Perhaps one of the most anticipated restaurant openings of 2012 was Dupont Circle’s DGS Delicatessen. Rachel and I have longed for a Jewish deli that would not only do New York proud but also wouldn’t be another short-lived, poorly-executed knockoff.
Remember Uptown Deli and Bubby’s? Those two didn’t fare so well, and while Parkway does a reasonable job providing an assortment of Jewish fare, the place gets so chaotic on the weekends that we’ve sworn it off for brunch.
Enter DGS Delicatessen. With head chef Barry Koslow working the kitchen, we knew this wouldn’t be your average deli. We went with a couple of our friends for brunch a few weeks ago to finally see if DGS met the hype.
We kicked the morning off with some libations. The Le Marais is the gem of the brunch cocktail list, comprised of champagne, St. Germain, orange juice, and bitters. It’s a shame this beverage isn’t served in pitchers, because I easily would have had gone through four more glasses.
While it’s oftentimes nice to do a spin on things and make them fancier, sometimes you just want a good ol’ pickle plate. DGS’ plate included just four pickle spears and some other pickled items such as radishes and cauliflower. And while it was beautifully arranged, we kind of yearned for the complimentary pickle bar at Parkway.
For our main course, it was no surprise that I went for the pastrami sandwich. This is a sandwich that is prepared with care and for good measure – it takes eight days to make! Brined for over a week, the smoky, succulent meat is sandwiched between two slices of warm double baked rye along with a shmear of house mustard. The result is a tender, smoky sandwich that leaves you wanting more. For $13, the sandwich isn’t piled as high as anticipated, but it’s still one of the best you’ll find in the District. However, one would expect some sort of side to accompany the sandwich given the price. Chips, coleslaw, something.
Rachel opted for more of a classic brunch choice, DGS’ rendition of Eggs Benedict, aptly dubbed the Benedictberg. Featuring poached eggs, house-smoked salmon, latkes, and sumac hollandaise, this dish was a clear winner. The combination between the crispy latkes, smoky lox, and rich hollandaise really worked well and made for an excellent brunch dish.
Overall, we felt the food at DGS was terrific while being slightly overpriced. With tip, Rachel and I spent roughly $60 between the two of us. And this was for brunch.
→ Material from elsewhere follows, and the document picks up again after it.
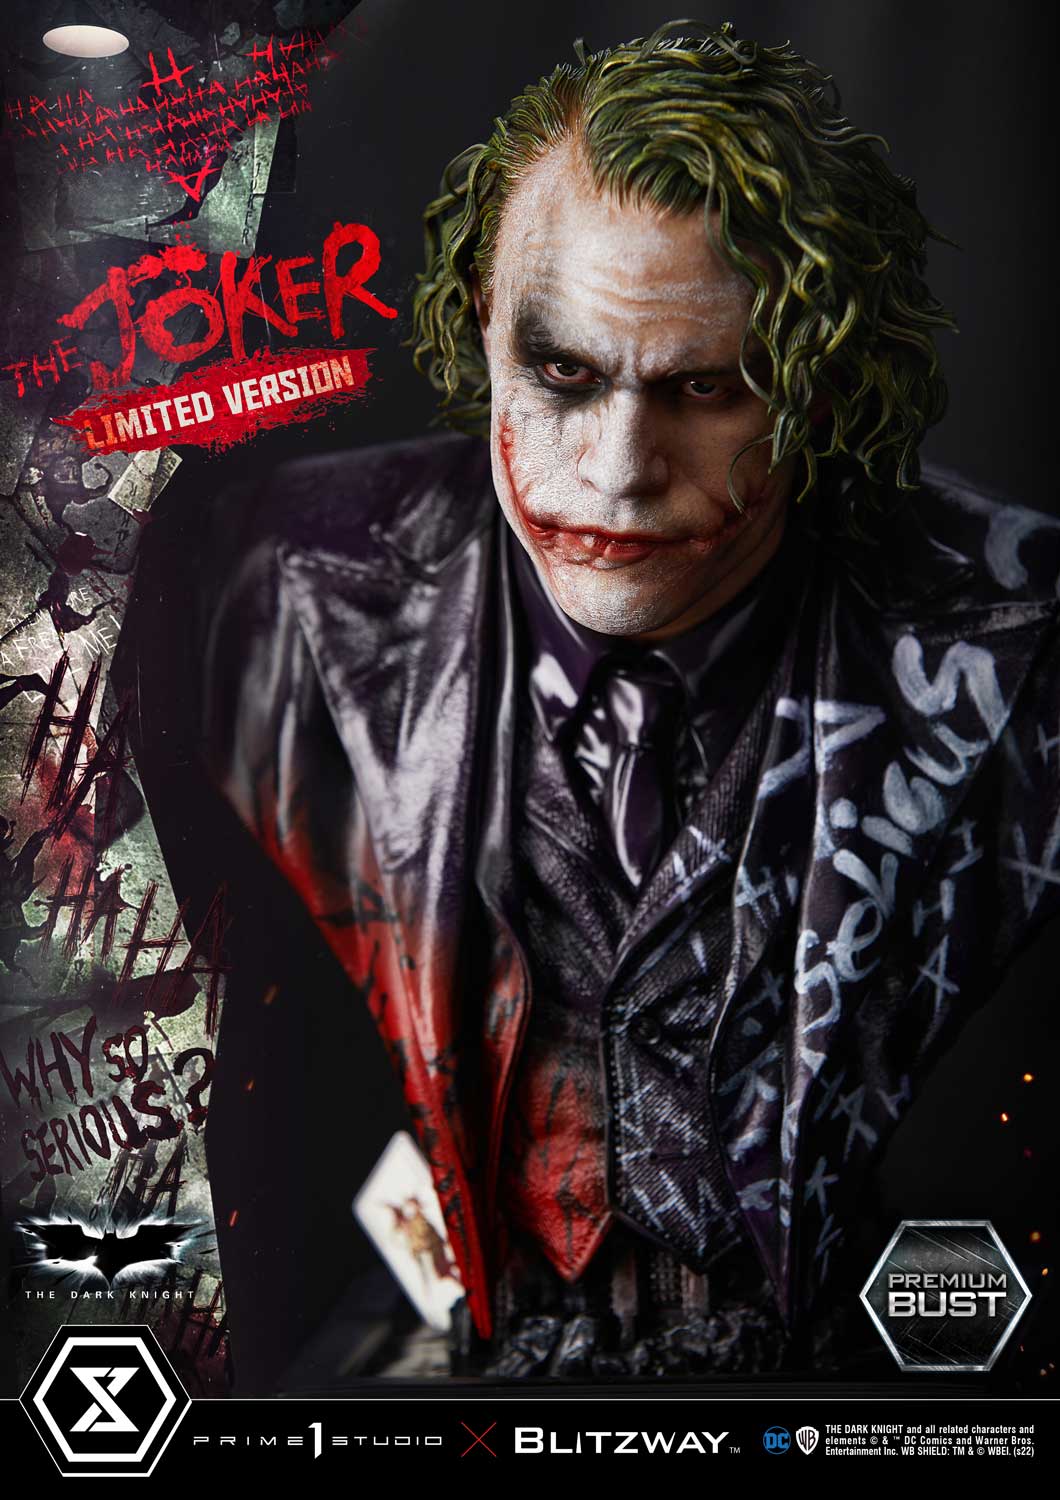 Premium Bust The Dark Knight (Film) The Joker Limited Version

With each cocktail at $10 per glass, a meal here adds up quickly. The service was very accommodating given we had two babies with us, and they gave us a table by the front of the house with more than enough room for the strollers.
Suffice to say, this will be the first of many visits to this establishment. We only sampled just a fraction of the menu and with items such as pickled blue fish, flanken, and kreplach still waiting to be tried, a return to DGS is definitely in order.